Wölfe ist ein Fernsehfilm aus der ARD-Krimireihe Polizeiruf 110. Der Film wurde vom Bayerischen Rundfunk produziert und wurde am Sonntag, den 11. September 2016 erstmals im Ersten ausgestrahlt. Es ist der elfte Fall des Münchner Polizeiruf-Ermittlers Hanns von Meuffels.

Handlung[Bearbeiten | Quelltext bearbeiten]

Kriminalhauptkommissar Hanns von Meuffels hat sich in seine Hamburger Kollegin Constanze Hermann verliebt, mit der er zuletzt einen Fall zusammen löste. Im Moment befindet sie sich im Urlaub. Constanze, die ein starkes Alkoholproblem hat und heimlich weiter trinkt, hat sich im Wellness-Center eines bayerischen Dorfs einquartiert, wo sie ihre Alkoholsucht zu bekämpfen sucht. Sie nimmt jedoch nur unwillig an den Gruppenterminen teil. Manchmal erscheint sie dazu auch gar nicht.

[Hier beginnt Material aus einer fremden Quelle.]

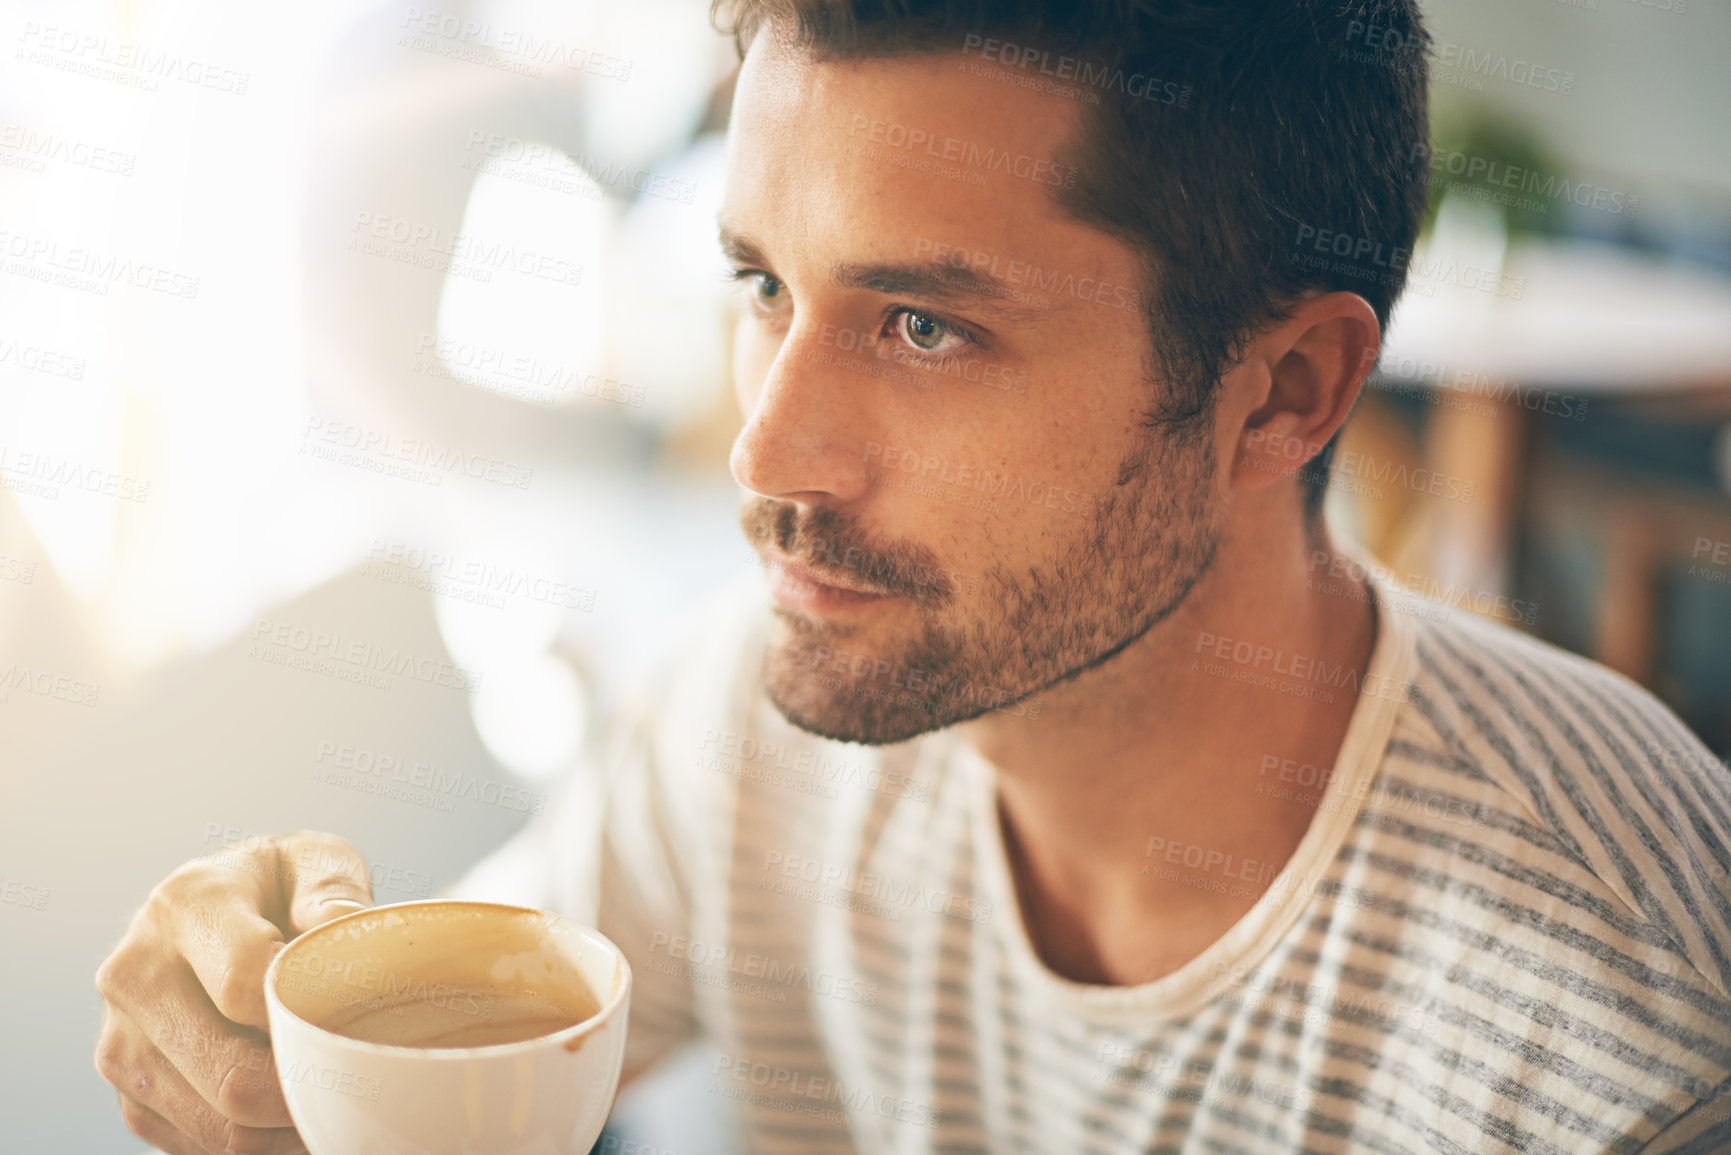 Closeup shot of a young man having a cup of coffee at a cafe - stock photo ...

Auf der Suche nach einem Zigarettenautomaten, den es im Hotel nicht gibt, kommt Constanze ins Dorfgasthaus, wo sie mehrere Gläser Gin Tonic trinkt. Als sie sich nachts angetrunken und singend auf ihren Heimweg macht, begegnet ihr eine aufrechtgehende Wolfsgestalt mit leuchtenden, roten Augen. Sie glaubt eine Wahnvorstellung zu haben, stürzt in ihrer Panik und verliert ihr Handy. Am nächsten Morgen wird im Wald eine Angestellte des Hotels ermordet aufgefunden, deren Gesicht von Bissen entstellt ist. Von Meuffels übernimmt die Ermittlungen und bezieht Constanze mit ein. Bei der Obduktion des Opfers, bei der Wolfshaare gefunden werden, steht dem Gerichtsmediziner der Zoologe Dr. Wiesinger zur Seite. Er bewundert Constanzes analytische Fähigkeiten, bemerkt aber auch sofort, dass sie ein Alkoholproblem hat.

Constanze spricht mit von Meuffels über ihre Begegnung in der Nacht und sie sehen sich im Wald um. Noch immer hält sie das, was sie gesehen hat für ein Delirium, aber als sie ihr Handy am Waldweg wiederfindet, ist sie sich nicht mehr sicher. Nachdem auch noch zwei gerissene Schafe gefunden werden, ist sicher, dass sich ein Wolf in der Gegend umhertreiben muss.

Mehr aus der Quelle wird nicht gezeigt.